LIVE · BRIEFING WIRE
FlightLogic Brief Daily aviation wire
← Reddit
● RDT COMM ·BigEye3291 ·June 7, 2026 ·00:53Z

Need advice - line check (IOE)

A first officer with 1,500 hours at a regional airline struggled during initial operating experience on the Embraer jet, failing to obtain a line check recommendation within the stipulated 75 hours despite passing the checkride on the first attempt. After receiving an additional 40 hours from the Training Board, the pilot continued to experience difficulties with procedural execution, descent planning, and unstable approaches, resulting in another failure to gain the line check recommendation. The pilot faces a second Training Board meeting within a week, though union representatives indicated the situation has not progressed to employment termination.
Detailed analysis

A first officer at a U.S. regional airline operating the Embraer jet series has documented a protracted Initial Operating Experience (IOE) process that has extended well beyond the standard completion window, offering a candid look at a challenge that remains quietly common in regional aviation despite rarely being discussed openly. The pilot, arriving at the jet with approximately 1,500 hours total time, passed the Part 141/142 simulator training and FAA checkride on standard attempts but encountered persistent difficulty during line flying — specifically with descent planning, procedural recall under pressure, and maintaining situational awareness at a pace consistent with line operations. After failing to obtain a line check recommendation within the carrier's standard 75-hour IOE window, the pilot was reviewed by a Training Board, granted an additional 40 hours, and has now exhausted that extension without recommendation, triggering a second Training Board appearance.

The IOE environment described here reflects a structural tension that exists across many regional operators: the line check captain pool is not a standardized training function in the same way simulator instruction is, and the quality and temperament of individual captains assigned to IOE candidates varies significantly. The pilot's account distinguishes clearly between captains who were encouraging and patient versus those who were agitated and sarcastic — a distinction that carries genuine operational weight. Adult learning under evaluative stress is well-documented to suppress performance, particularly in procedural recall and spatial awareness tasks. When an IOE candidate is paired with captains who respond to errors with impatience or sarcasm rather than instructional correction, the training environment degrades in ways that are difficult to quantify but entirely real. Union representation at this stage is appropriate and the union's assessment — that termination is not imminent — aligns with how most pilot contracts structure progressive training support before separation becomes an option.

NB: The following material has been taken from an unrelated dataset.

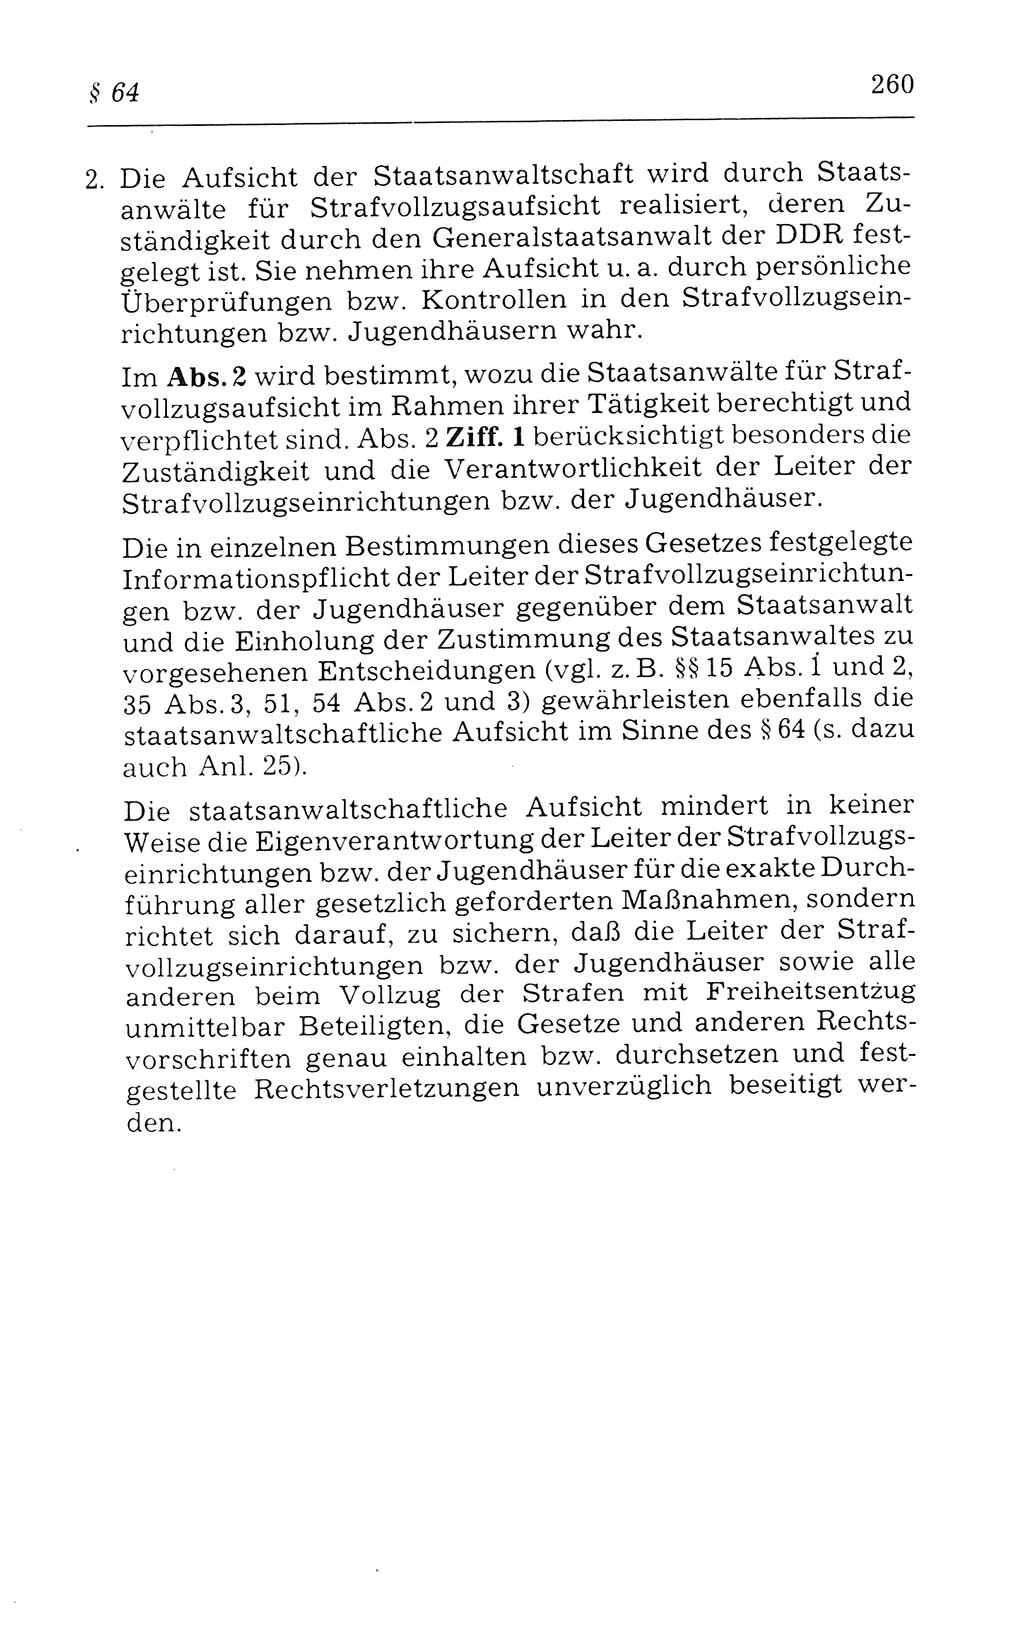 Kommentar zum Strafvollzugsgesetz [(StVG) Deutsche Demokratische Republik (DDR)] 1980, Seite 260 (Komm. StVG DDR 1980, S. 260)

For working pilots and aviation operators, this case illustrates several systemic realities in the regional pipeline. The jump from piston or turboprop flying to a glass-cockpit regional jet under Part 121 operating rules represents one of the steepest cognitive transitions in professional aviation. The compressed pace of airline operations — multiple legs per day, ATC demands, company dispatch requirements, and crew coordination protocols all running simultaneously — creates a workload environment that simulator training approximates but cannot fully replicate. The 1,500-hour ATP minimums established under the Airline Safety and FAA Extension Act of 2010 were intended to ensure a broader aeronautical foundation before Part 121 entry, but hours alone do not develop the specific scan patterns, automation management habits, and energy management instincts that line flying on a jet demands. Extended IOE situations, while not common, are not rare either, and carriers maintain Training Board procedures specifically because the transition is understood to be non-uniform across candidates.

The broader trend this case reflects is a continuing strain on regional airline training infrastructure at a time when pilot hiring volume remains elevated across the industry. As major carriers have continued pulling pilots from regional feeders, regionals have been onboarding new-hire first officers at a pace that stresses both simulator availability and qualified line check captain resources. The result, in some operations, is IOE programs that are technically compliant but inconsistent in execution — where the mentorship quality a new FO receives depends heavily on scheduling randomness rather than deliberate training design. Several regional operators have responded by formalizing IOE captain selection and training, recognizing that the line check function is not simply an evaluation but the final and most consequential phase of new-hire pilot development. For candidates navigating extended IOE situations, documentation of each leg, debrief notes, and active engagement with chief pilots and union reps remains the most practical path forward, as Training Boards at most carriers are designed to find retention solutions before separation becomes the outcome.